I looked at the girl with the gun. Of course it had been her all along. From the moment I met her, she’d been desperate to make me and everyone around her aware of her searing dissatisfaction with the town, its people, her father, everything.

She was more than dissatisfied. She was angry. Over dinner her disgruntlement at her father’s racism tumbled off her lips like spittle. Her eyes had implored me from across the table. But I’d been uninterested. And that’s the automatic reaction she’d received most of her life, I imagined. A default dismissal of whatever bugged her. Pretty girl. White girl. Student. What could she possibly have to complain about? She flicked the gun towards a nearby chair and I went to it and sat down.

‘I decided I wanted to use you for Day Zero when I found out you were in town,’ Bella began, smoothing her hair down with long, slow strokes. ‘It was so amazing, you coming, you being right in the middle of all this. I knew it was a sign. I’ve been watching you and the case with your brother from the beginning. I watched the footage of you going up to the courthouse for the first day of proceedings. You looked so distressed. I remember thinking at the time – you’re going to be the victim in this that nobody understands. You’re going to be the forgotten one. The forgotten victim.’
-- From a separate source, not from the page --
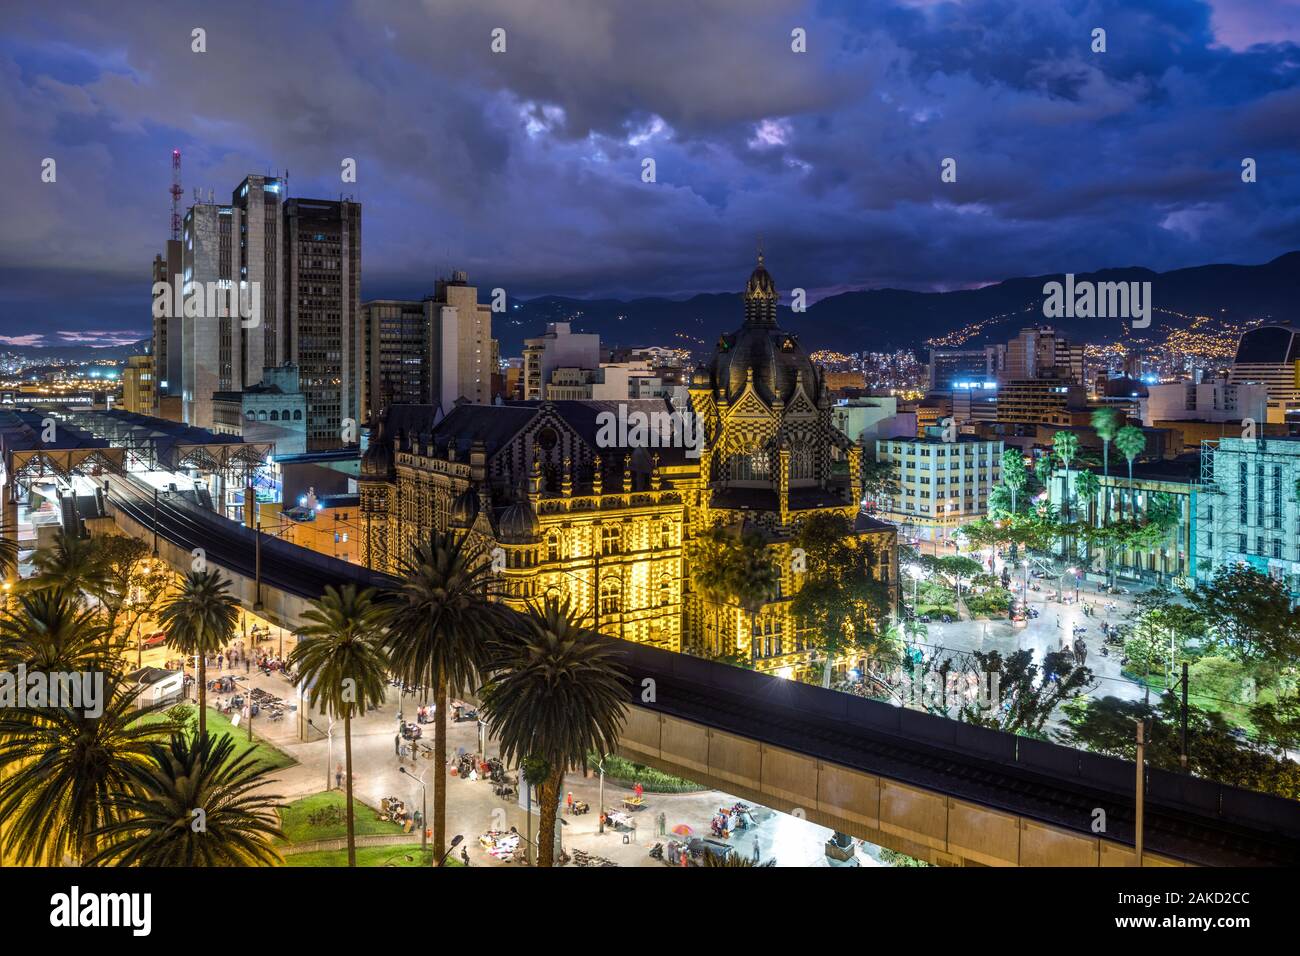 Plaza Botero Square in der Dämmerung in Medellin, Kolumbien. Stockfoto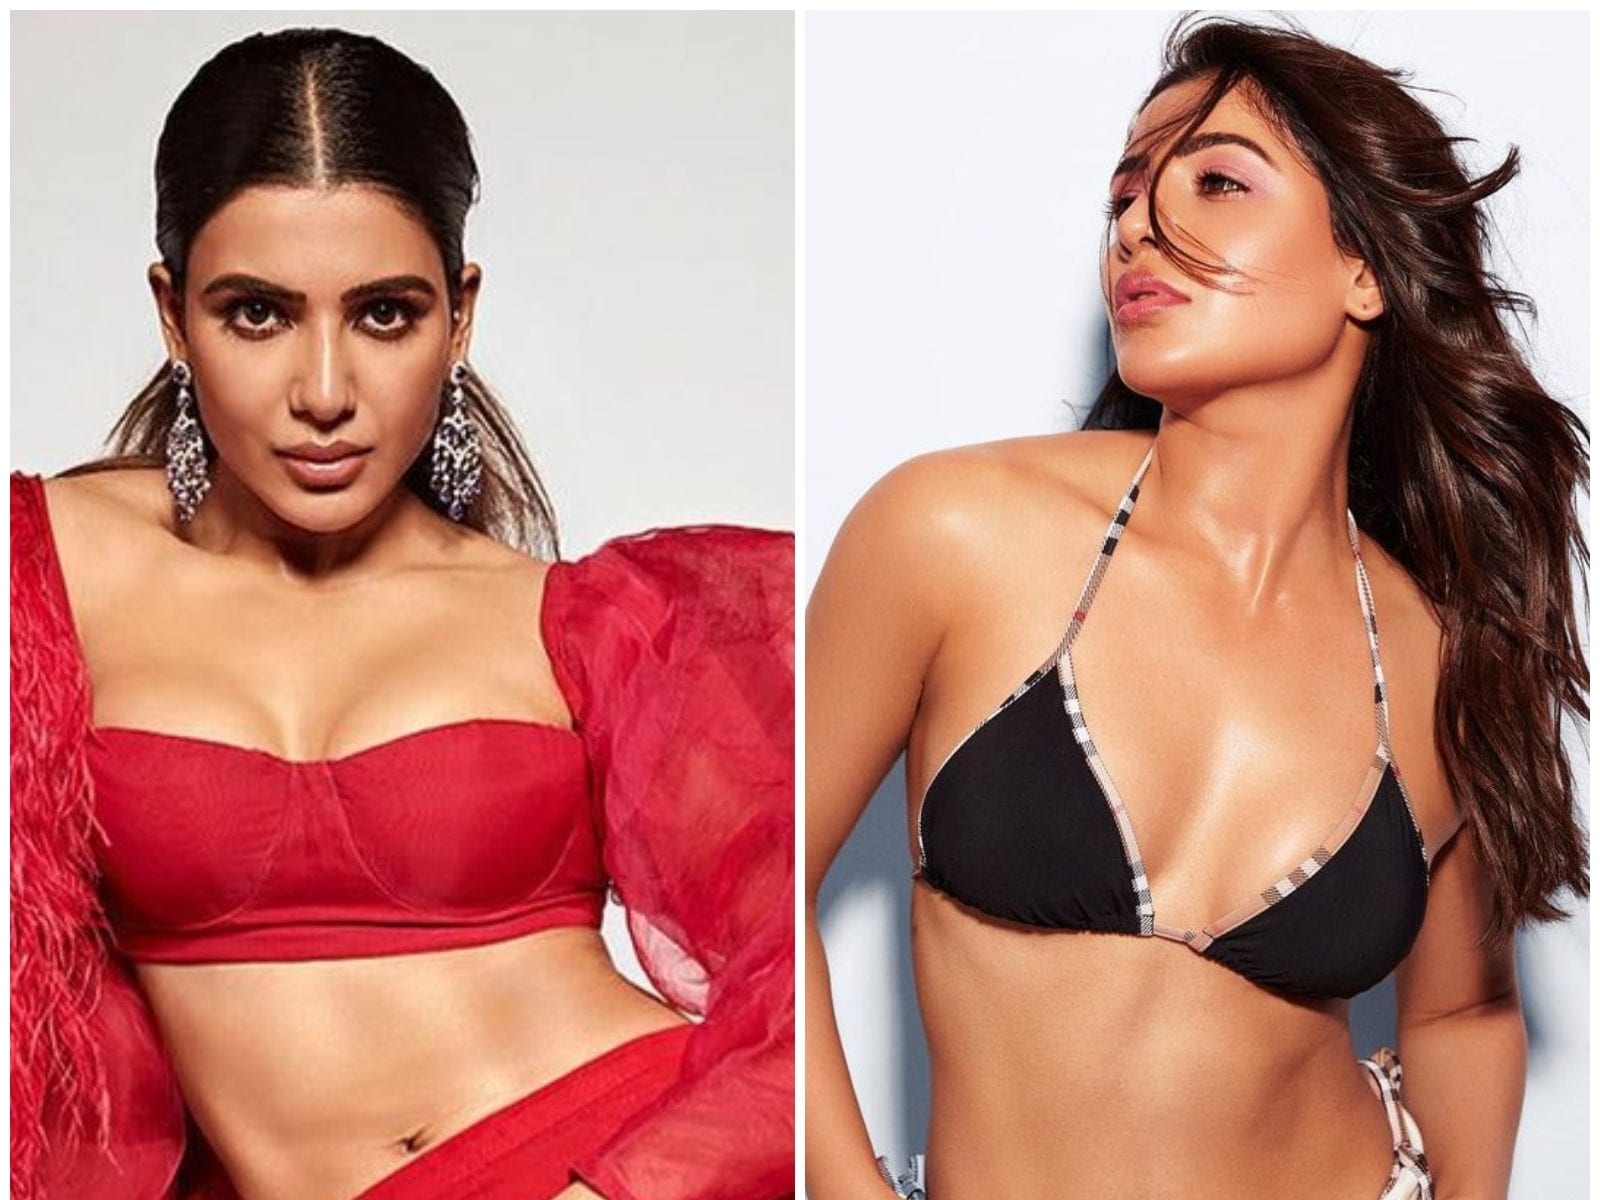 Samata Sex Videos - Top 10 Hot and Bold Photos of Samantha Ruth Prabhu You Must See Now - News18

She glanced at her father. I followed her eyes, watched sweat rolling down his temple.

‘There will be people who sympathise with your brother,’ Bella said. ‘And there will be people who sympathise with the dead girls. Their families. But right in the middle of it all, there’s you. Nobody sympathises with you. Nobody believes you. I know what that feels like.’

She went to the dining-room table and carefully plucked up a tattered yellow envelope, thick as a dictionary. I noticed another gun on the table. Theo Campbell’s gun. Bella must have taken it the night she stopped the older officer on the road on the hillside, probably with a ruse similar to the one she’d used on me. Helpless, Bambi-legged. The one who needed management. She tossed the envelope onto the ground at her father’s feet. Dez winced. The liquid in the bottle at his throat sloshed.